To address these problems, technology-enhanced learning tools are increasing as an encouraging channel of scaling educational quality, including virtual and remote laboratories, which are more accessible and repeatable, which means that students can perform experiments without physical space and time constraints [
7,
8]. Although useful, such methods tend to dematerialize the physical system interactions and even sometimes the unsightly reality of breadboard wiring and component variability and the realities of mere measurement, which are central to a complete engineering education [
9]. On the other hand, the traditional physical laboratories provide the student with a lot of experiential value, but once the student faces a challenge, they are left behind with no immediate help until the instructors arrive to diagnose the problem [
10], which is also sometimes not scalable due to the class student ratio.

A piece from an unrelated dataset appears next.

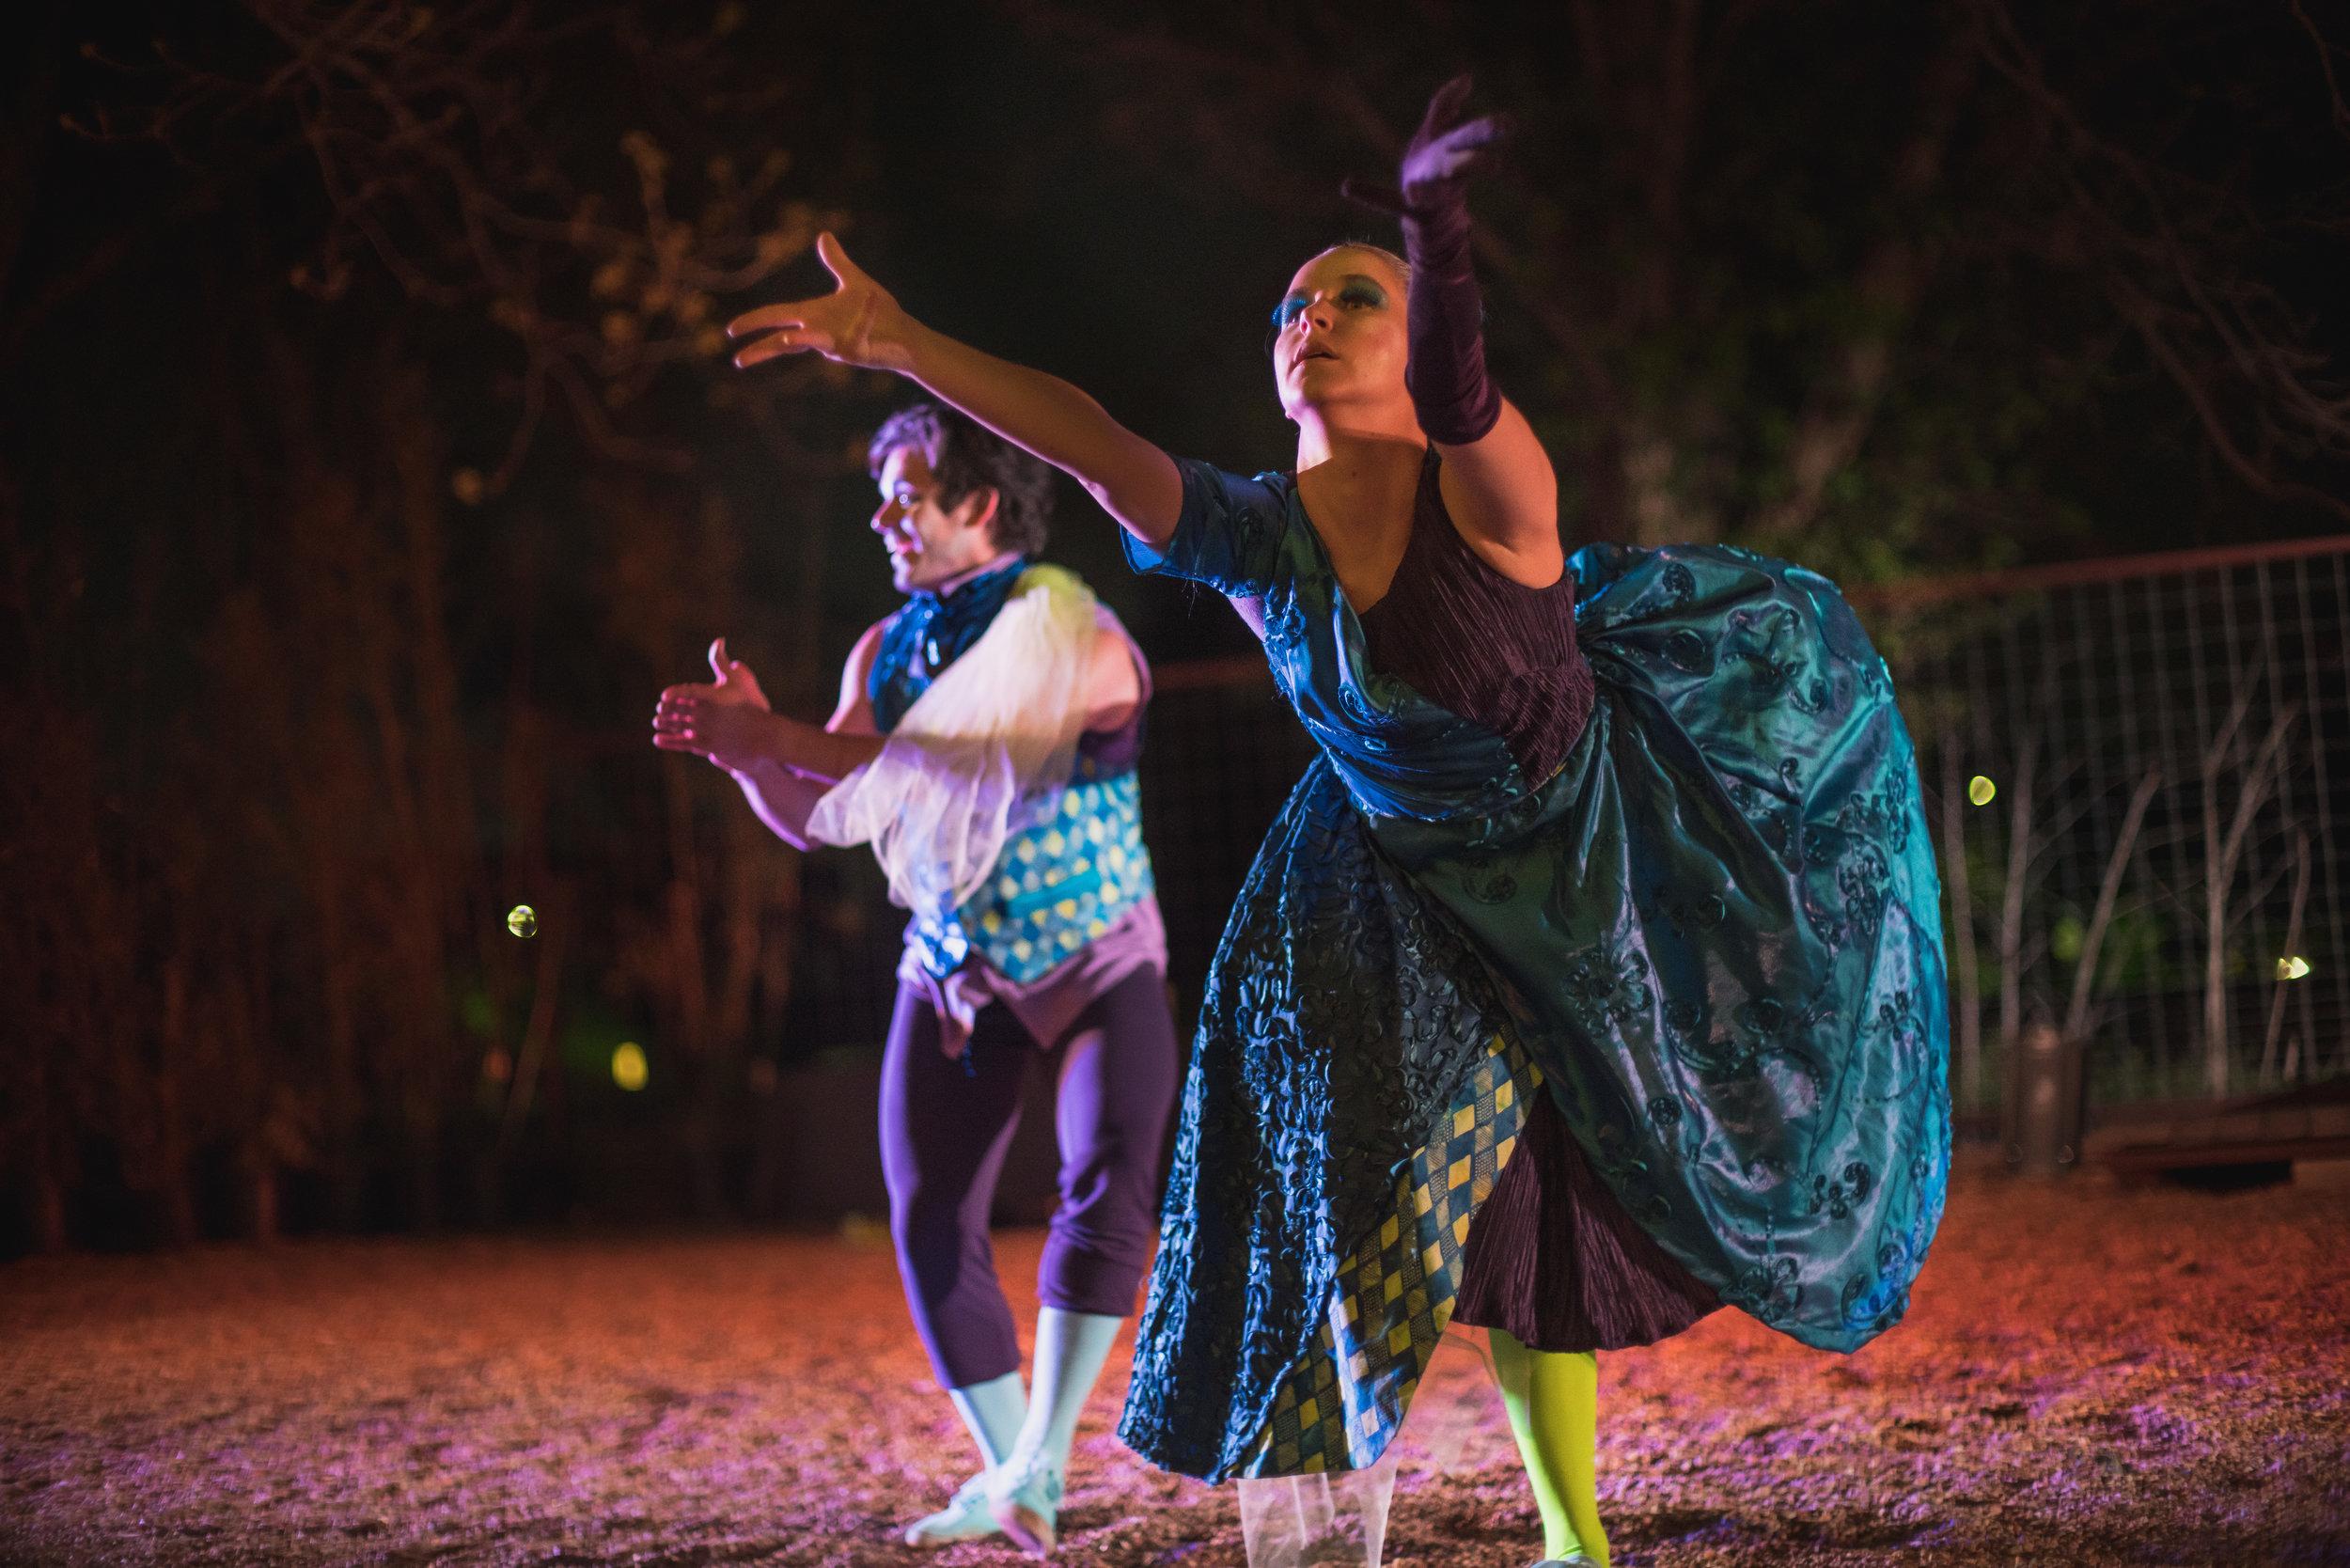 Renaissance dancers at Austin event

Internet of Things (IoT), developed sensor technologies, and Artificial Intelligence (AI) have become a transformative opportunity to fill this gap [
11,
12,
13]. Physical laboratory equipment can be instrumented using IoT sensors to provide real-time and high-fidelity data on student activities and system status. This multimodal data stream can be analyzed by AI algorithms, especially machine learning, to determine the student’s progress, diagnose errors, and provide adaptive scaffolding [
14]. This synergy allows the development of a smart learning environment, which offers the advantages of individual tutoring in the framework of an authentic and real-world experimentation [
15]. Earlier studies have investigated the use of applications like Intelligent Tutoring Systems in programming [
16] and the assessment of student strategies in virtual labs based on data [
17]. While components exist, a gap remains for an integrated, real-time framework that successfully couples low-latency physical fault diagnosis (via Edge AI) with personalized, conceptual guidance (via an LLM) for safety-critical hands-on labs [
18,
19].
One of the main problems with the creation of such intelligent systems is that they require strong, labeled datasets to train AI systems. Supervised learning techniques that have been extremely effective in the classification exercise demand large volumes of data of both correct and incorrect procedures [
20]. In learning institutions, human subjects present logistical, ethical, and scale challenges in the collection of this data. This research attempts to overcome this difficulty using the notion of high-fidelity simulation as an institutionalized approach to synthetic data generation. With industry-standard simulation software, large datasets of sensor reads can be produced, which can be used to represent a large range of circuit states, including correctly built circuits up to those with typical student errors.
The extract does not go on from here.